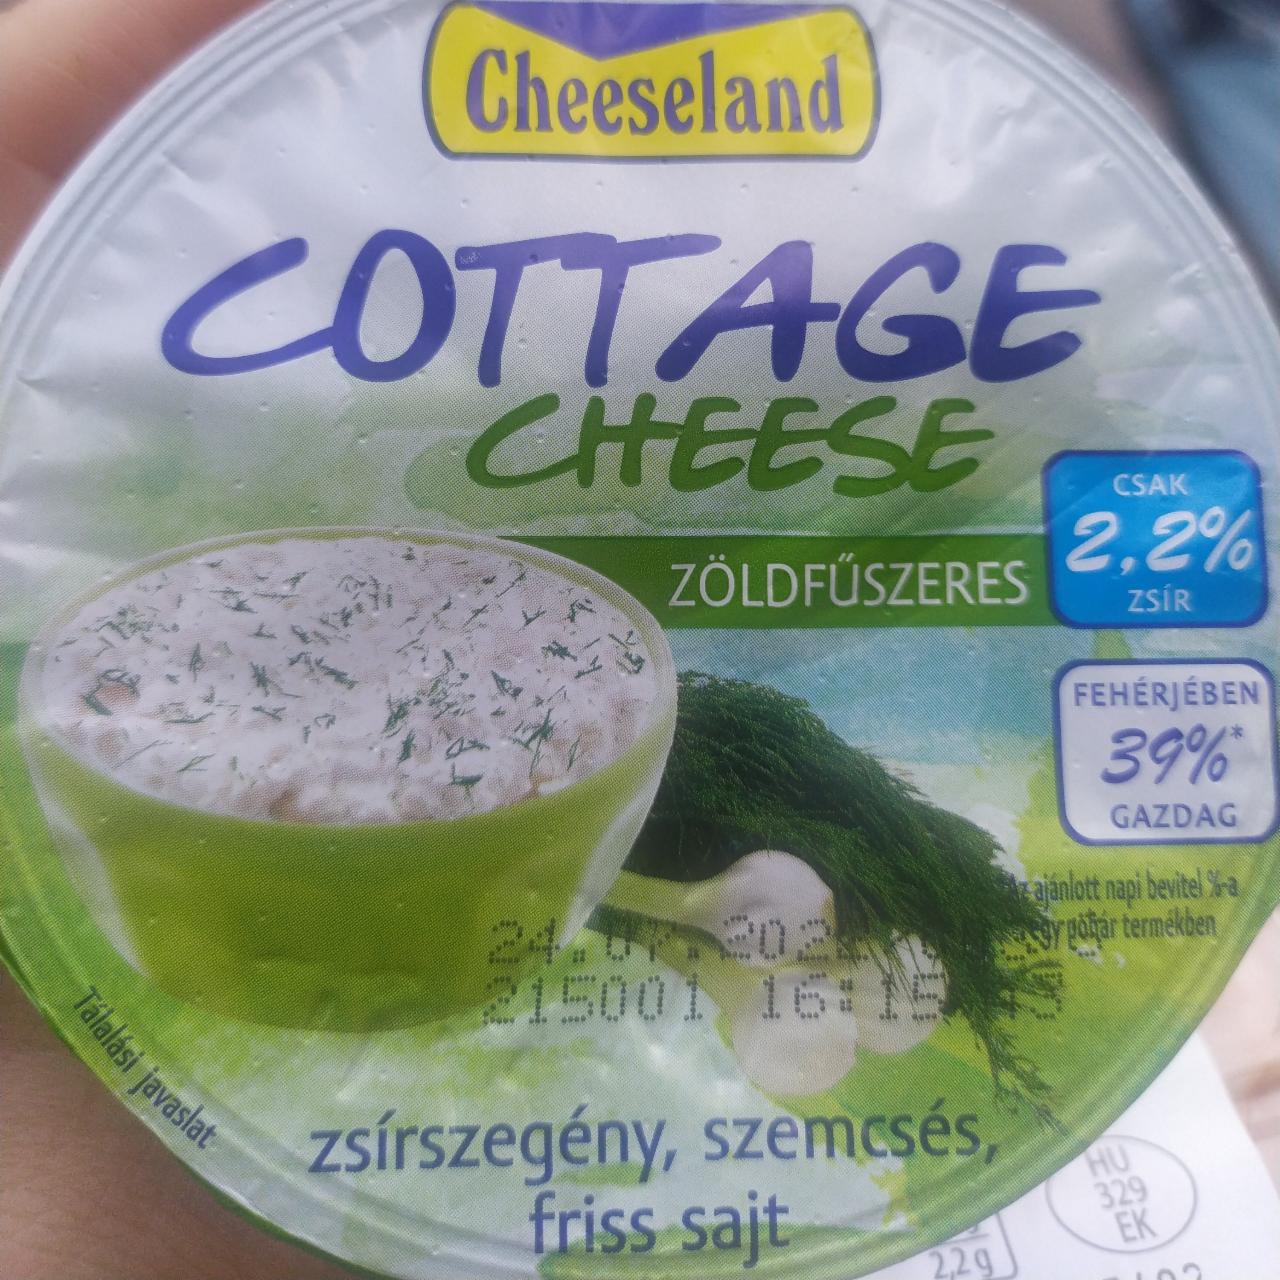 Képek - Cottage cheese zöldfűszeres Cheeseland
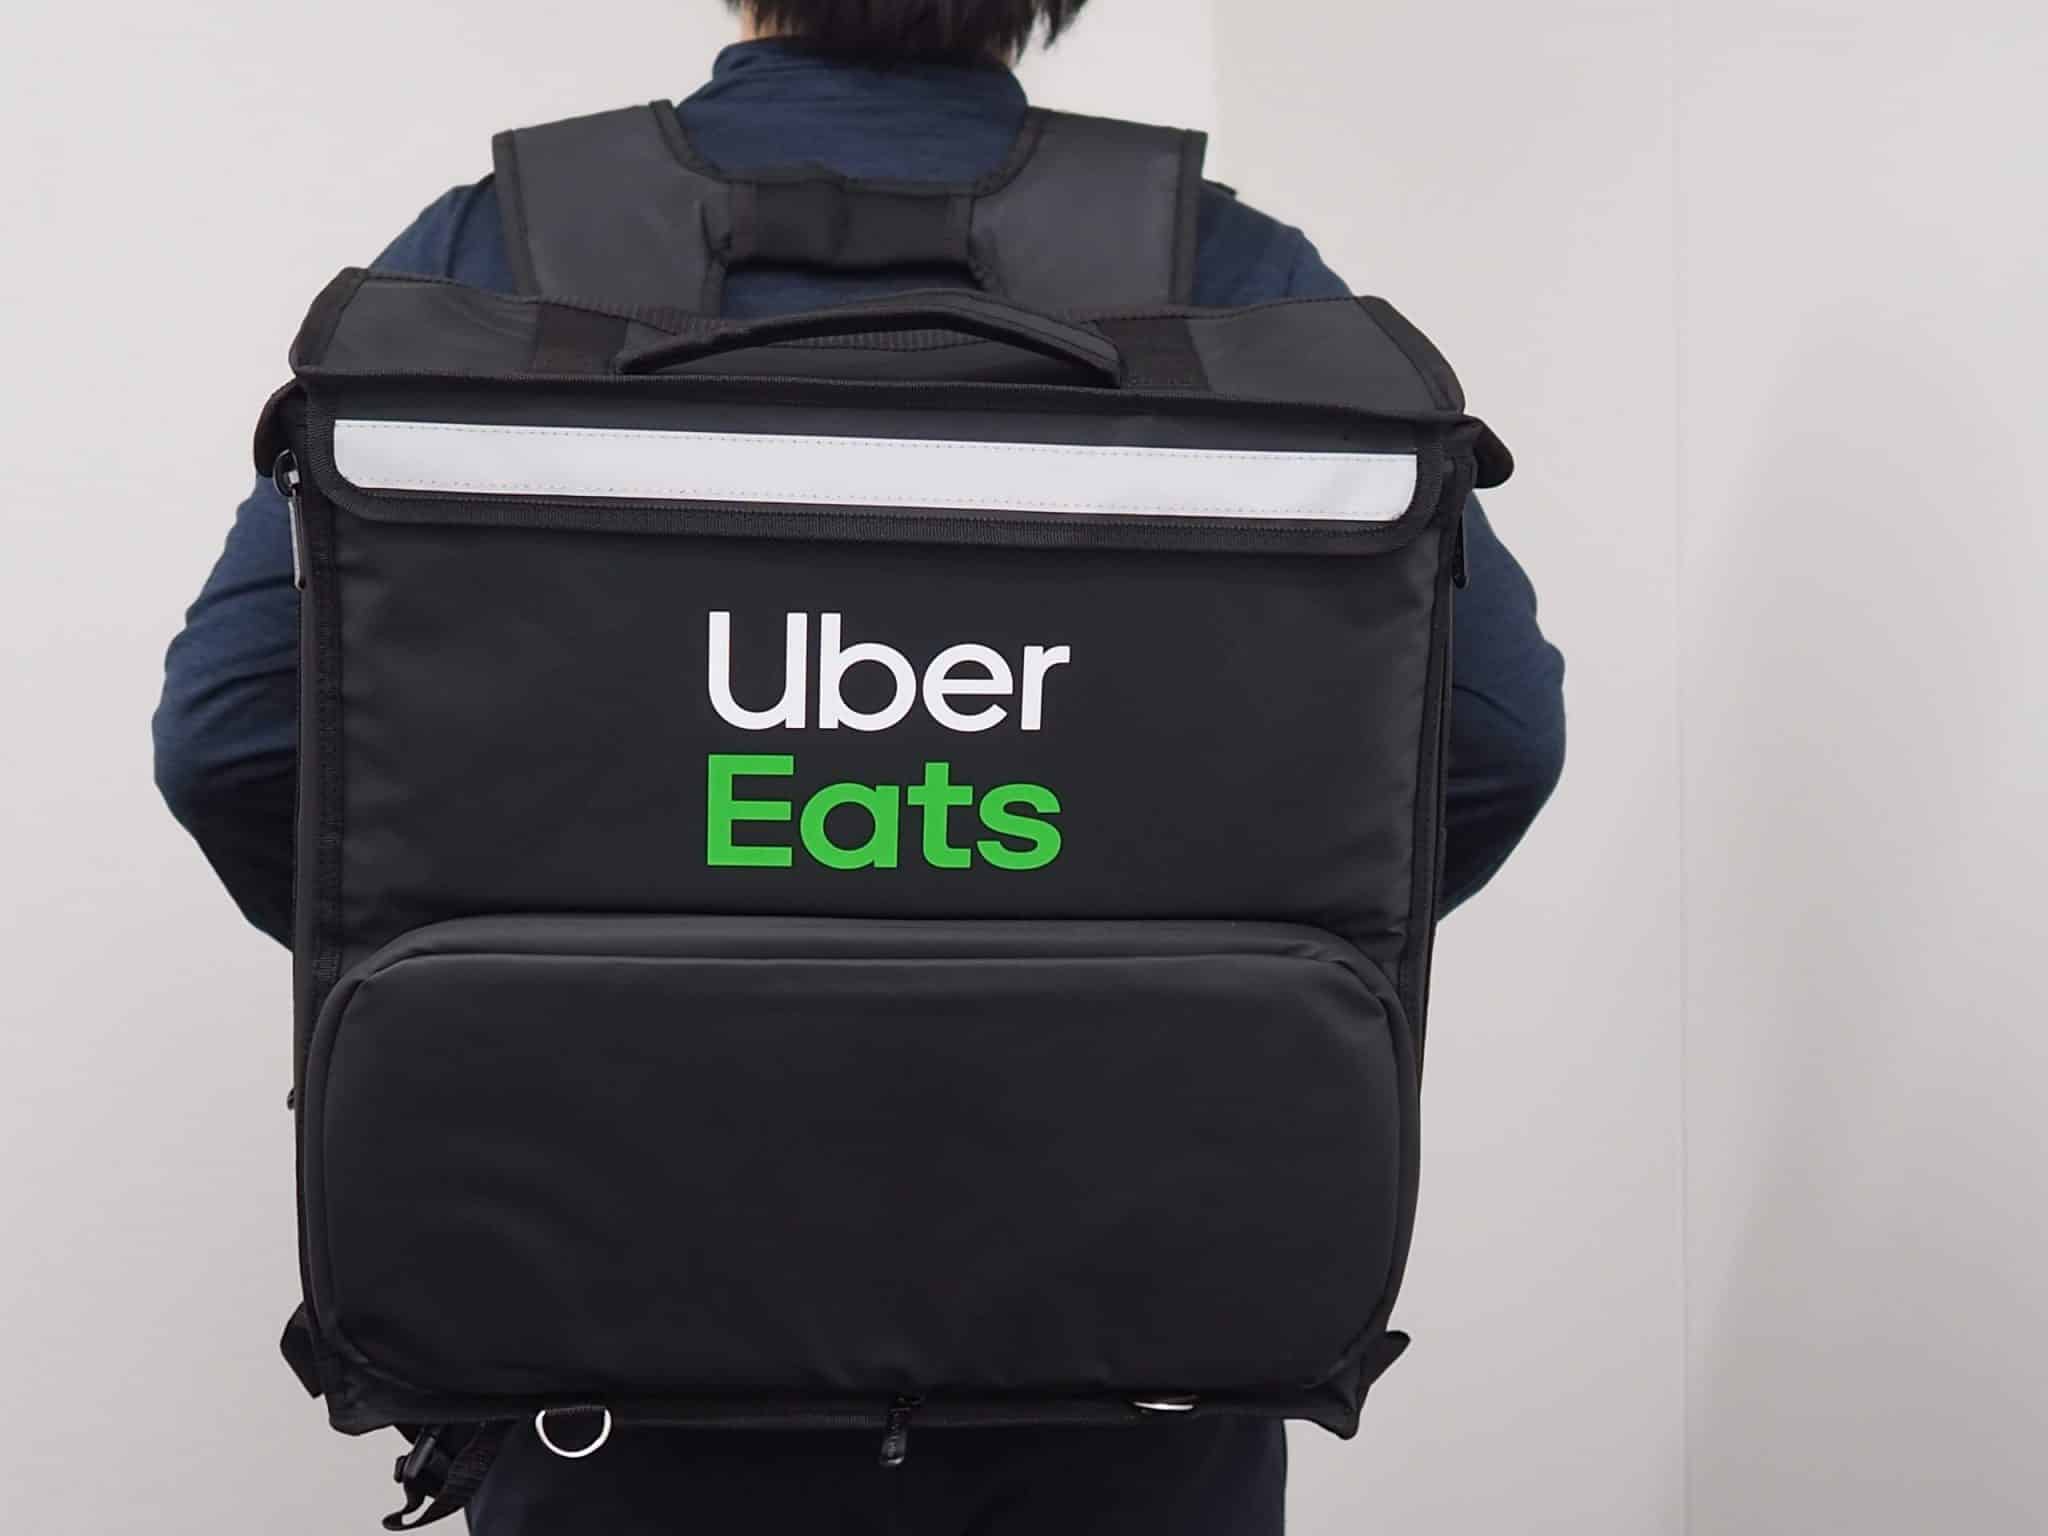 Uber Eats(ウーバーイーツ)バッグをAmazon(アマゾン)で購入する方法
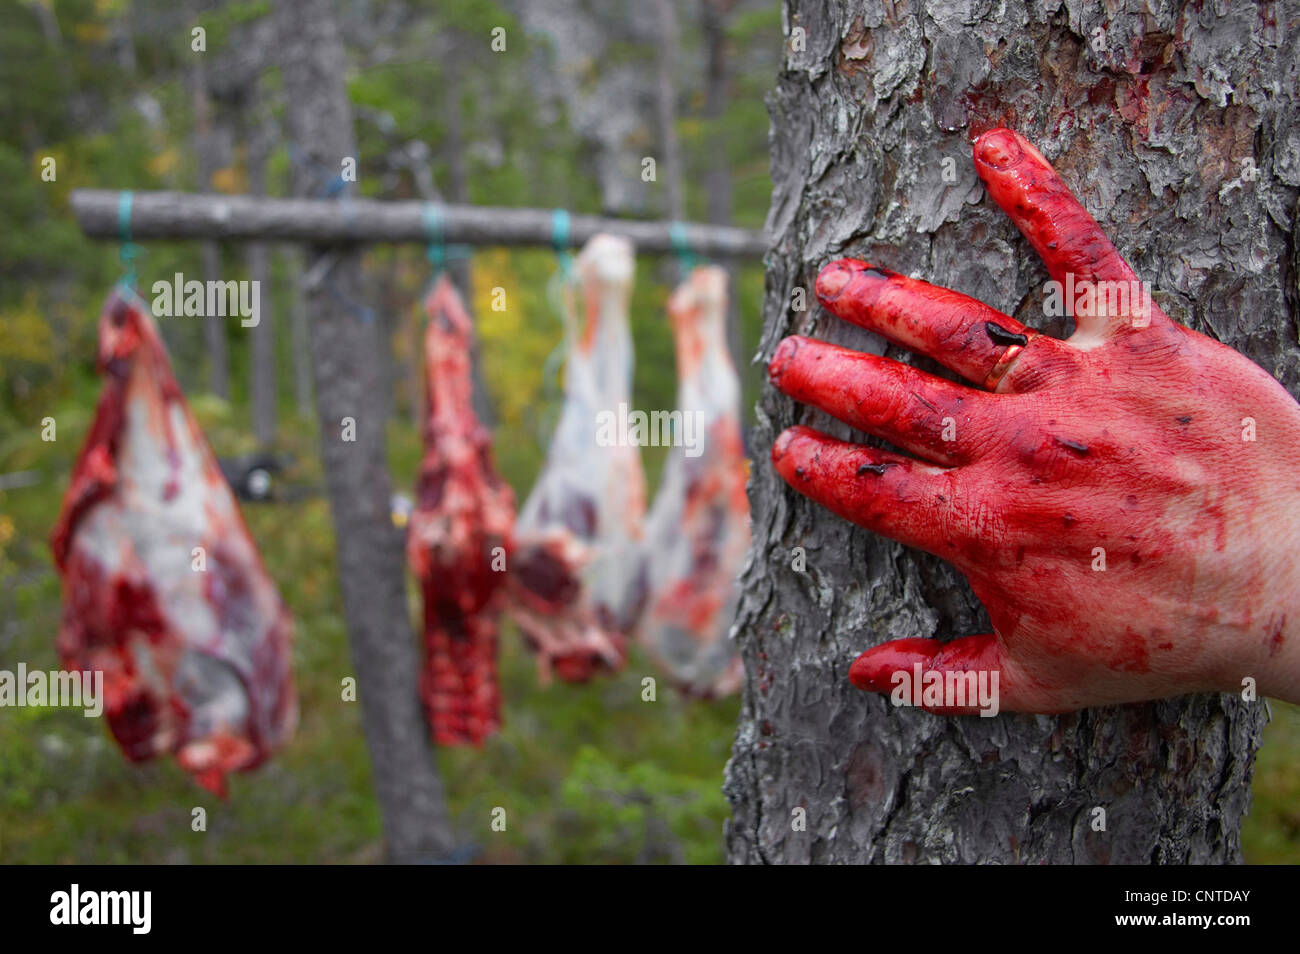 Le wapiti, l'orignal (Alces alces alces), morceaux d'un animal dépecé suspendu dans la forêt entre les arbres, dans le foregroung une main couverte de sang, de la Norvège, de Nord-Trondelag, Flatanger Banque D'Images

• • •

* **ASSIGNMENT**: Could you return the entire listing above verbatim while dropping each picture?

* **TASK ANSWER**:
 Képek - Cottage cheese zöldfűszeres Cheeseland
 Uber Eats(ウーバーイーツ)バッグをAmazon(アマゾン)で購入する方法
 Le wapiti, l'orignal (Alces alces alces), morceaux d'un animal dépecé suspendu dans la forêt entre les arbres, dans le foregroung une main couverte de sang, de la Norvège, de Nord-Trondelag, Flatanger Banque D'Images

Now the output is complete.